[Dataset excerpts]
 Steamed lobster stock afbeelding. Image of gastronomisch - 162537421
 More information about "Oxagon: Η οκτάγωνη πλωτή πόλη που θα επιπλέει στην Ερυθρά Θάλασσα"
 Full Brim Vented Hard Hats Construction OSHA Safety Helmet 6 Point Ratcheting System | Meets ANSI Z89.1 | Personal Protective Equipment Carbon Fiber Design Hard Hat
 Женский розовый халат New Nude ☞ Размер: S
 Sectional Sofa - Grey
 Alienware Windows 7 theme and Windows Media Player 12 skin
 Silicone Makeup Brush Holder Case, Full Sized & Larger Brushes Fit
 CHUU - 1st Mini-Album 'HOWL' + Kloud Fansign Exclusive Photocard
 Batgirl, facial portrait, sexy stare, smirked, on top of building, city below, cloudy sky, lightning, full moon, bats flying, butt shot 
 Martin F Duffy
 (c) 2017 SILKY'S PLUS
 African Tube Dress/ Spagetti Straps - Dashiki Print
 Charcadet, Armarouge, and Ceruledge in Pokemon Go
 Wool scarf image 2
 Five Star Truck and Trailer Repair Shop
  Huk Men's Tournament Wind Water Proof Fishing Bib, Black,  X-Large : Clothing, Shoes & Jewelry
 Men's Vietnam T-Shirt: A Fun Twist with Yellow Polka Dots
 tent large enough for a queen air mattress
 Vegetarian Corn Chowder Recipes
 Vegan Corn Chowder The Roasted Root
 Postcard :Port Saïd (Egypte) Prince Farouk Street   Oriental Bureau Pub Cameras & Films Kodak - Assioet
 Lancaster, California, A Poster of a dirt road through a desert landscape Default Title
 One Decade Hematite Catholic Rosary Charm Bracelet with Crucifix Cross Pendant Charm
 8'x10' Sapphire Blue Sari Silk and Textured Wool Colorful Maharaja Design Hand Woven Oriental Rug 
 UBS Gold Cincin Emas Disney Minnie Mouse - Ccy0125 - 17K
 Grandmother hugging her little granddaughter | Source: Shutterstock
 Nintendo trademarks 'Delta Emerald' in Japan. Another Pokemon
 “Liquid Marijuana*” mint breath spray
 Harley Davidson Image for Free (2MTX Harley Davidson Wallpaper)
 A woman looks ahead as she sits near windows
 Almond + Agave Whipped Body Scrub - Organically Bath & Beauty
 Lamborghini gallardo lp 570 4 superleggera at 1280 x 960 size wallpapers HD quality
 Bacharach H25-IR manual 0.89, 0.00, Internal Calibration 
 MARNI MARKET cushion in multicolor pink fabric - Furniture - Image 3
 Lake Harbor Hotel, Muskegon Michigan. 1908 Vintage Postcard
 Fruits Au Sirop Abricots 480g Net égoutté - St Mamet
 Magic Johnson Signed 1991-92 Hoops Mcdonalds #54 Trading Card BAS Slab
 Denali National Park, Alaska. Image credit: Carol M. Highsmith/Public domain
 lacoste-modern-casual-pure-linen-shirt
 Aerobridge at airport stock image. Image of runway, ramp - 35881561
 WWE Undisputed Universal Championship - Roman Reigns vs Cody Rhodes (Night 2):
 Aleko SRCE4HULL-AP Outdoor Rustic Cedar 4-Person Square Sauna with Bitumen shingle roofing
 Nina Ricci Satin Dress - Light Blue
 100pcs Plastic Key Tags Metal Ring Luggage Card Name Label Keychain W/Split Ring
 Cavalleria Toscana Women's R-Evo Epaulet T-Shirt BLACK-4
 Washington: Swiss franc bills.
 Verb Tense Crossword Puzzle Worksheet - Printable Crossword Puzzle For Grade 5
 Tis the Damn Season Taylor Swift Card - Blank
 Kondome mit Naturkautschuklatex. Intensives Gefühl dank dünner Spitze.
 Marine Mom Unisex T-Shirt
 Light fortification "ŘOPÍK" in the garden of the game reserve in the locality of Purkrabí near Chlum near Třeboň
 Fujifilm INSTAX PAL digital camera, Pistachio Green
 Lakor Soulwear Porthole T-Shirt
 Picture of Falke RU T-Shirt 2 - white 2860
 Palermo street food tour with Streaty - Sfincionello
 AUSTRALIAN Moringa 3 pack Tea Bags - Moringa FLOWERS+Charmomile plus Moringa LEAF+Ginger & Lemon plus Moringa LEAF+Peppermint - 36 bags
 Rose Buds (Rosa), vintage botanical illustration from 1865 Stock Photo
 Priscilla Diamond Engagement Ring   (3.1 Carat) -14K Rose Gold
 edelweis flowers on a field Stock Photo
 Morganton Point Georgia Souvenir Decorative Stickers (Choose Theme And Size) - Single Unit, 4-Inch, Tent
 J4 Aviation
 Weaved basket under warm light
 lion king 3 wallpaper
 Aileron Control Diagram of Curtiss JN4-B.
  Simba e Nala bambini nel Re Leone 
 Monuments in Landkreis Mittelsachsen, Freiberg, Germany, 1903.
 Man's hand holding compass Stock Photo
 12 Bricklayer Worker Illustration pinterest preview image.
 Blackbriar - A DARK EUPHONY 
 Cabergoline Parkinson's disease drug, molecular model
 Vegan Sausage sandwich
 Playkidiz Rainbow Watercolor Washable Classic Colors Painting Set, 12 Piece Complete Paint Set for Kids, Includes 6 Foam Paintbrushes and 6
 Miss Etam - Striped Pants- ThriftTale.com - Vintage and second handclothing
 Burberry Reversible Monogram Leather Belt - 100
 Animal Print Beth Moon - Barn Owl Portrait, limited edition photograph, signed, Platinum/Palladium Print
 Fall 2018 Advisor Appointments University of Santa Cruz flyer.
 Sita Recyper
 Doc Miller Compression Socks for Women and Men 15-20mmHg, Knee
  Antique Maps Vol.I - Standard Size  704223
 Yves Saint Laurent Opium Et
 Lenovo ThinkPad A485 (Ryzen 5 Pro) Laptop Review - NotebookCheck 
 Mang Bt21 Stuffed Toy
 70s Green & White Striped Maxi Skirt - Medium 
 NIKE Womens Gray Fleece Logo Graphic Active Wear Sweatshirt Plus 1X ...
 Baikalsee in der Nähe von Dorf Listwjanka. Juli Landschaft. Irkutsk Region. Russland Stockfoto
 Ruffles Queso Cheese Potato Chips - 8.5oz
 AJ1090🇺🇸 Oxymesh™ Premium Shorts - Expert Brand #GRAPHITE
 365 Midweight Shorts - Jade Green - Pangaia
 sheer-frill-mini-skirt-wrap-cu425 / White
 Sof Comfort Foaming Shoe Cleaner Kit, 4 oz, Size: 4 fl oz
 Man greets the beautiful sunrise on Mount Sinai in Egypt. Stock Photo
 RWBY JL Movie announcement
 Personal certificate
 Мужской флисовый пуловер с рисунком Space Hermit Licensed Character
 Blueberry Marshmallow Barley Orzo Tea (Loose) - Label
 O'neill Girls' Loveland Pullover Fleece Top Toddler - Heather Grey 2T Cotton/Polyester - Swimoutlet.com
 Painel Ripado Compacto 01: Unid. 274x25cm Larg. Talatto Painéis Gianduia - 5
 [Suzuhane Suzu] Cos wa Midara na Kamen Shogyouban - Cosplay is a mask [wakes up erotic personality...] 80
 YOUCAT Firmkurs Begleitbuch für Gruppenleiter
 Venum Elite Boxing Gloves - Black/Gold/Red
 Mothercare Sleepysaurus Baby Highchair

[Problem details] Exact reproduction is required. Give the lines of the data from its first line through the line containing "Silicone Makeup Brush", and no others.

[Solution to the problem]
 Steamed lobster stock afbeelding. Image of gastronomisch - 162537421
 More information about "Oxagon: Η οκτάγωνη πλωτή πόλη που θα επιπλέει στην Ερυθρά Θάλασσα"
 Full Brim Vented Hard Hats Construction OSHA Safety Helmet 6 Point Ratcheting System | Meets ANSI Z89.1 | Personal Protective Equipment Carbon Fiber Design Hard Hat
 Женский розовый халат New Nude ☞ Размер: S
 Sectional Sofa - Grey
 Alienware Windows 7 theme and Windows Media Player 12 skin
 Silicone Makeup Brush Holder Case, Full Sized & Larger Brushes Fit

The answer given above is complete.